* Task to carry out: Drop the pictures and repeat the remaining data exactly.

* Dataset section:

□ □ □ □ □ □ □

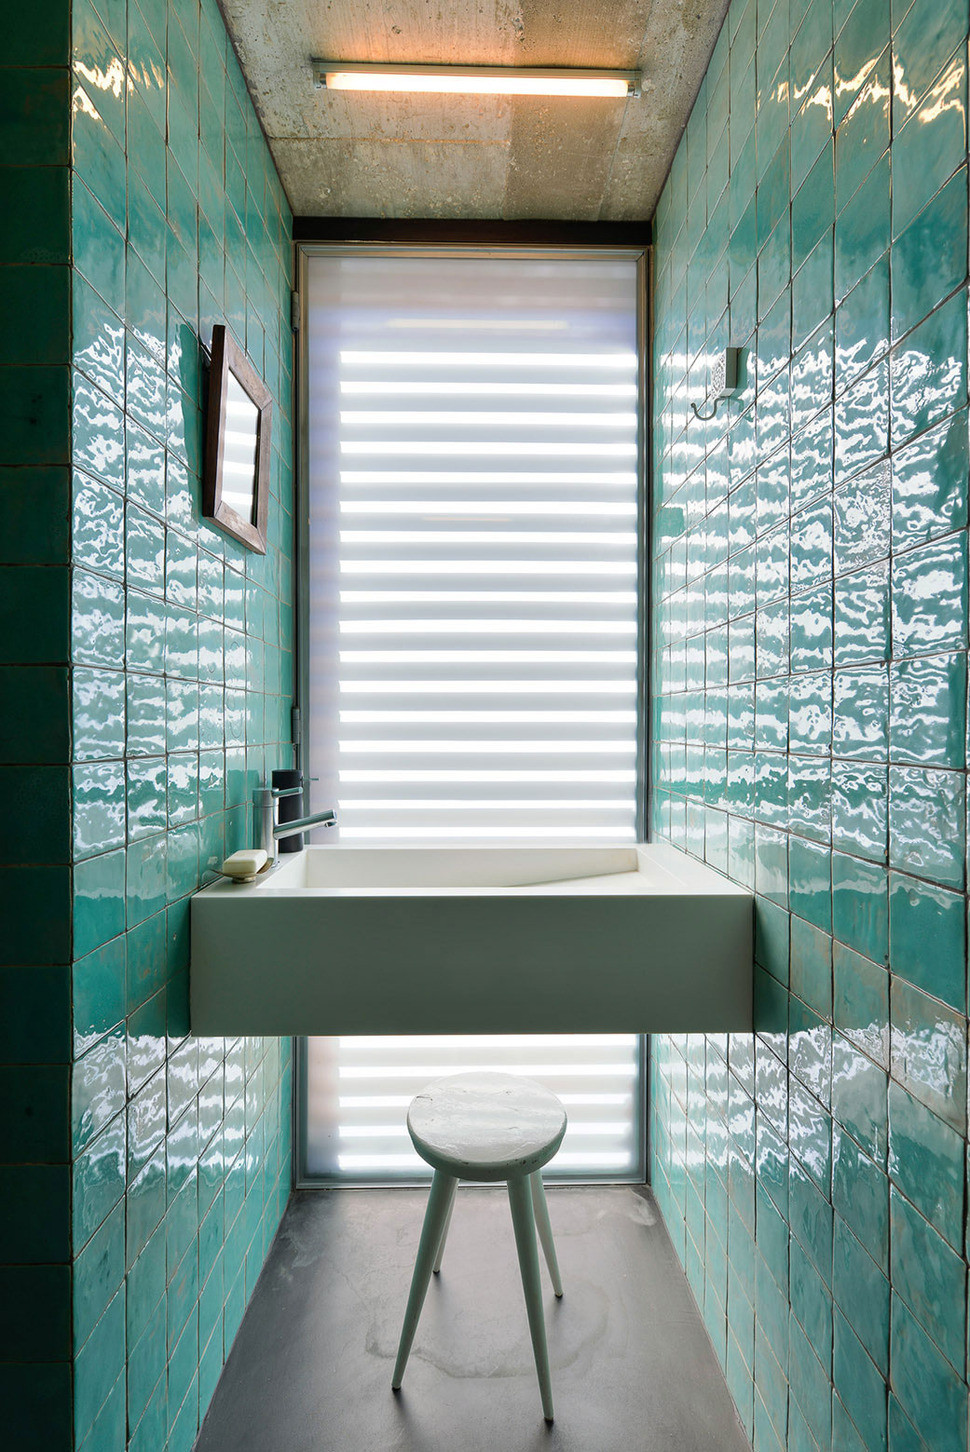 Tile Designs For Bathroom
 Top 10 Tile Design Ideas for a Modern Bathroom for 2015
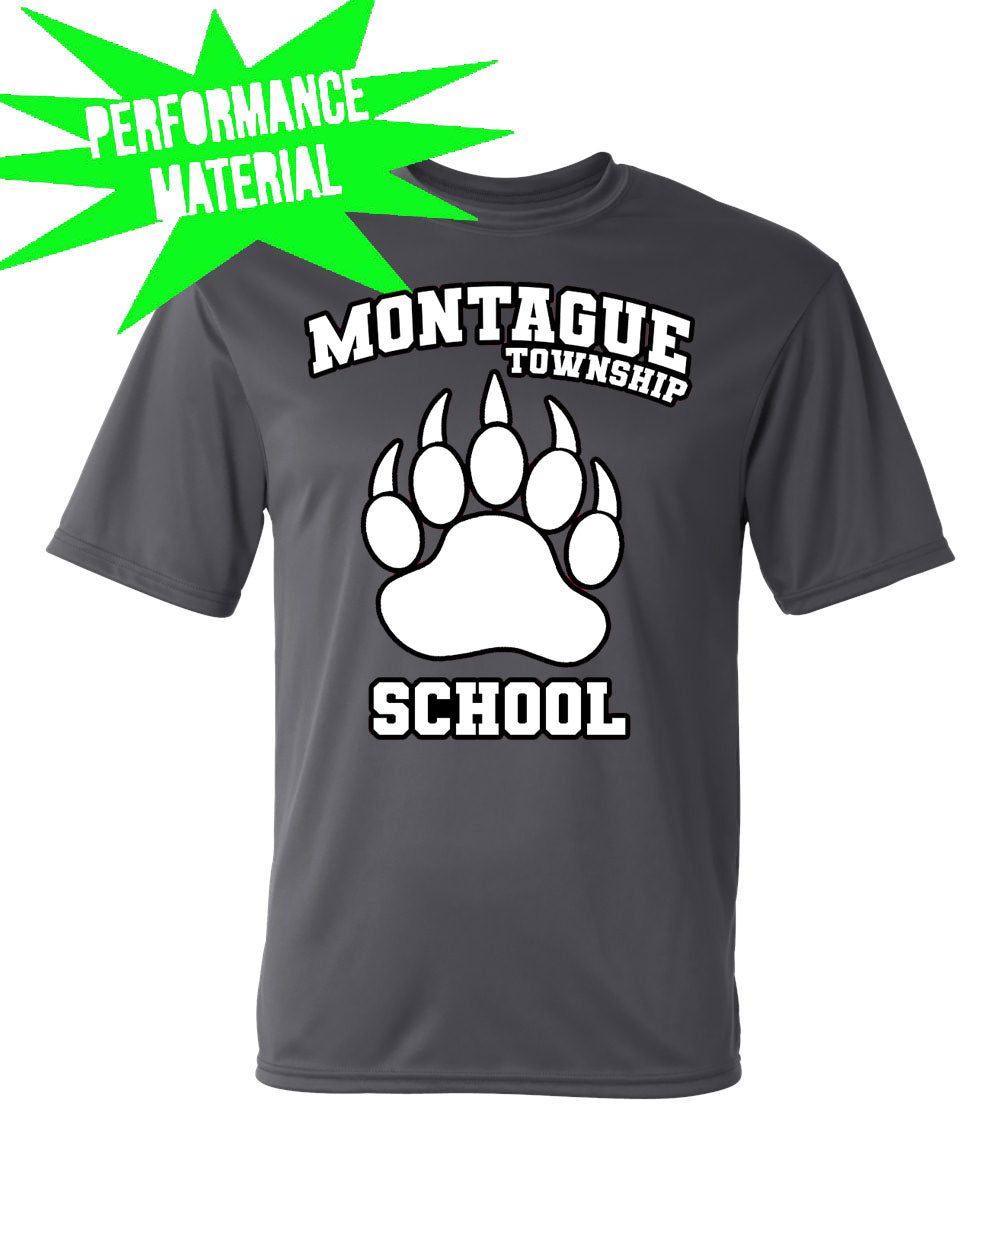 Montague Performance Material Design 2 T-Shirt
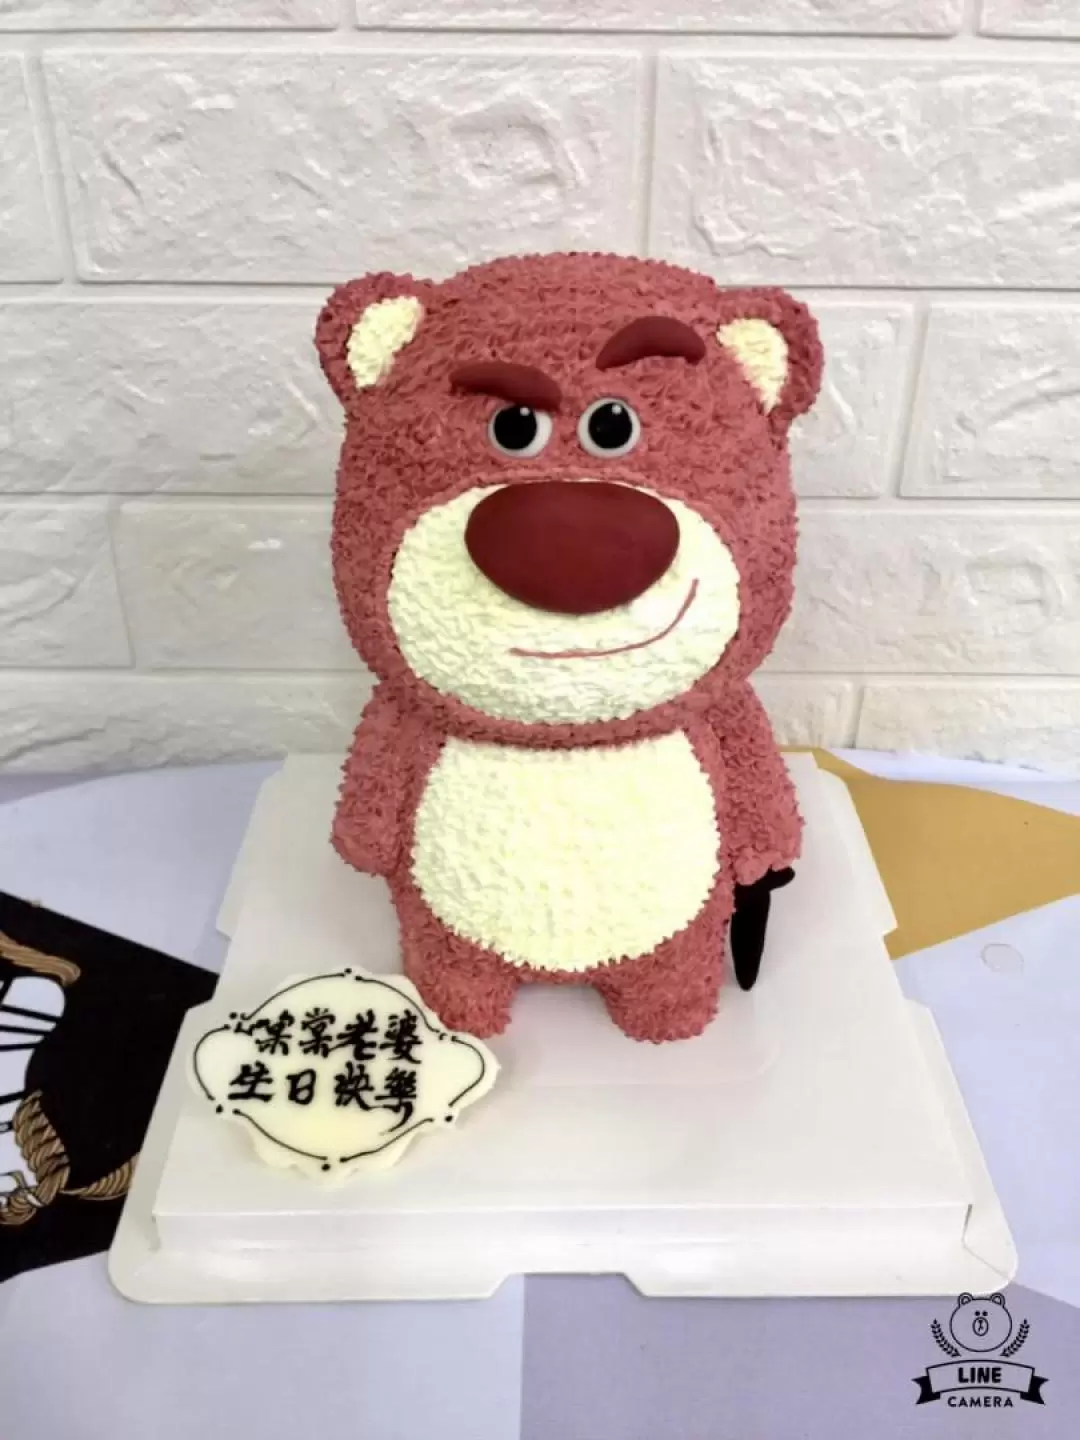 【Klook excusive price】Thepopcake丨Pick up at Kwun Tong丨3D Cake丨Handmade Cartoon Cake

□ □ □ □ □ □ □

* Answer section:
 Tile Designs For Bathroom
 Top 10 Tile Design Ideas for a Modern Bathroom for 2015
 Montague Performance Material Design 2 T-Shirt
 【Klook excusive price】Thepopcake丨Pick up at Kwun Tong丨3D Cake丨Handmade Cartoon Cake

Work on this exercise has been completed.